The course begins with simple and multiple linear regression models for which fitting, parametric and model inference as well as prediction will be explained. Topics covered are least squares (LS) and generalised LS, the Gauss-Markov theorem, geometry of least squares and orthogonal projections. A special attention is paid to the diagnostic strategies which are key components of good model fitting. Further topics include transformations and weightings to correct model inadequacies, the multicollinearity issue, variable subset selection and model building techniques. Later in the course, some general strategies for regression modelling will be presented with a particular focus on the generalized linear models (GLM) using the examples with binary and count response variables.

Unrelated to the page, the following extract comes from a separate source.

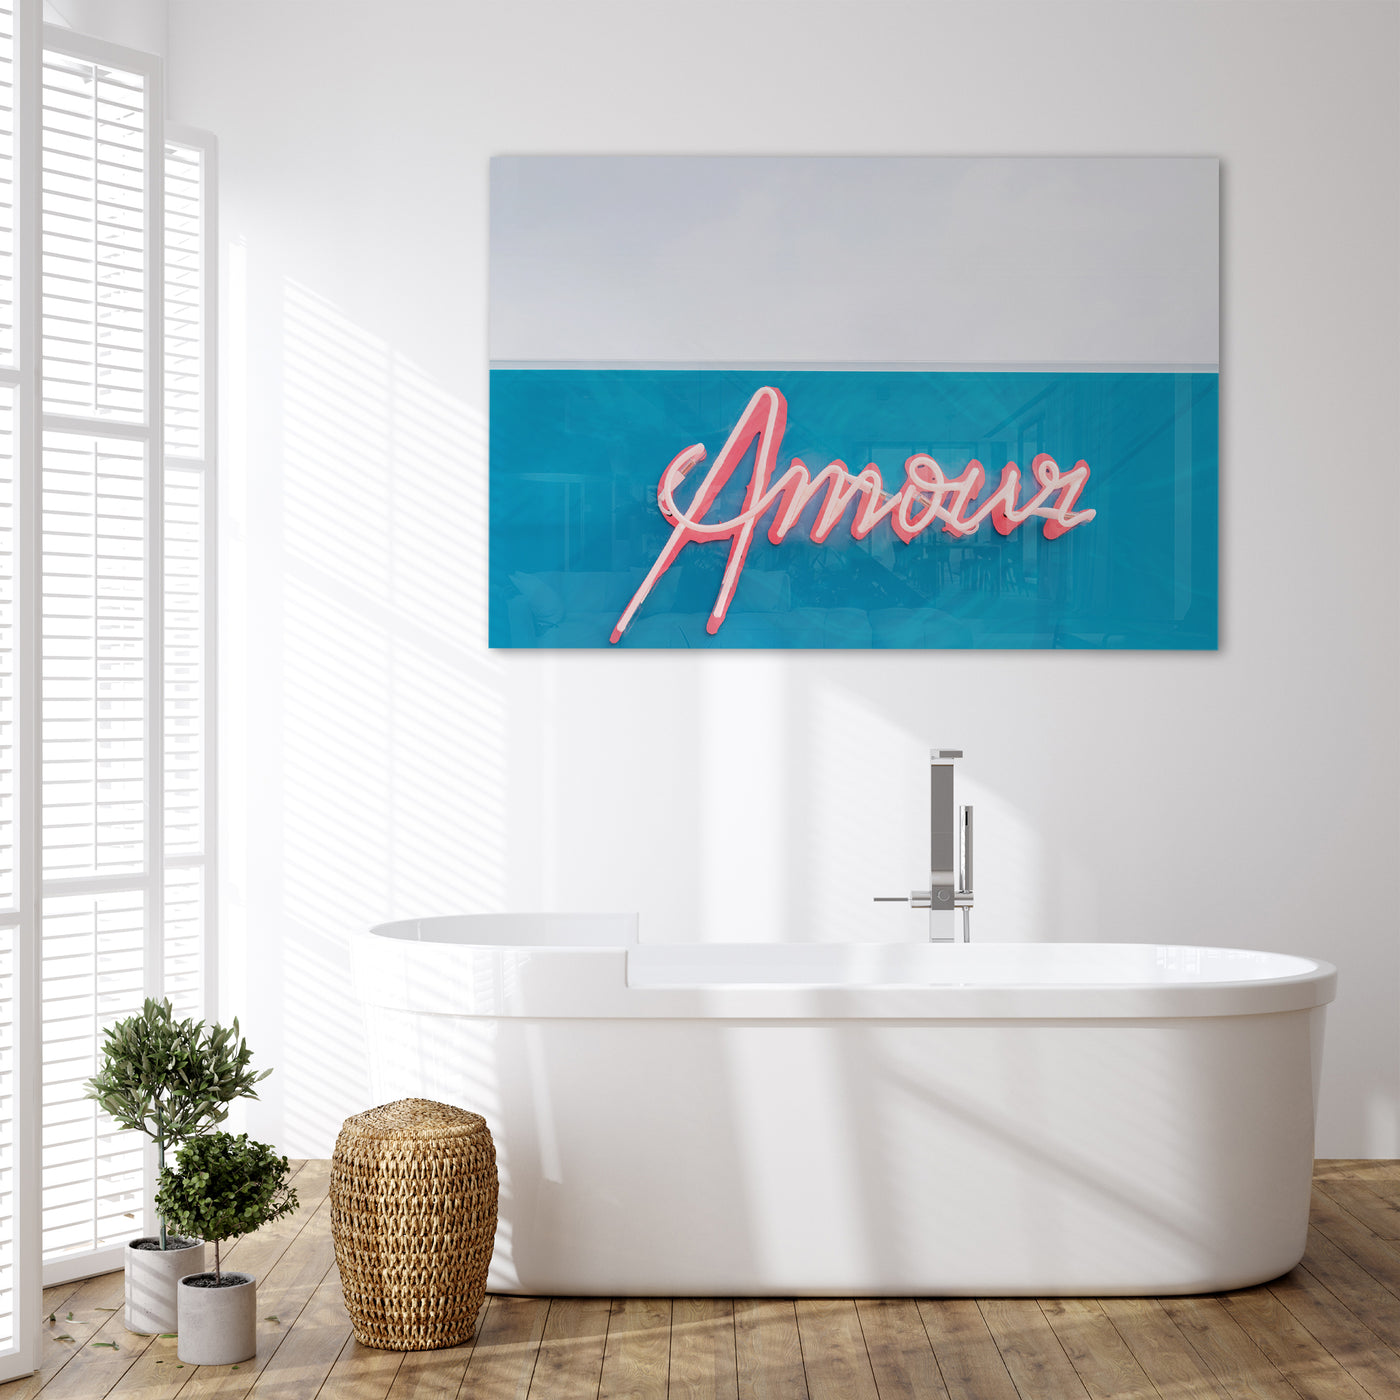 Amour - Modern acrylic glass wall art by Cattie Coyle Photography in bathroom

As the high-dimensional data, order of magnitude larger than those that the classic regression theory is designed for, are nowadays a rule rather than an exception in computer-age practice (examples include information technology, finance, genetics and astrophysics, to name just a few), regression methodologies which allow to cope with the high dimensionality are presented. The emphasis is placed on methods of controlling the regression fit by regularization (Ridge, Lasso and Elastic-Net), as well as methods using derived input directions (Principal Components regression and Partial Least Squares) that allow to tamp down statistical variability in high-dimensional estimation and prediction problems.
A number of statistical learning procedures with the focus on computer-based algorithms is presented from a regression perspective.
Computer-aided project work with a variety of datasets forms an essential learning activity.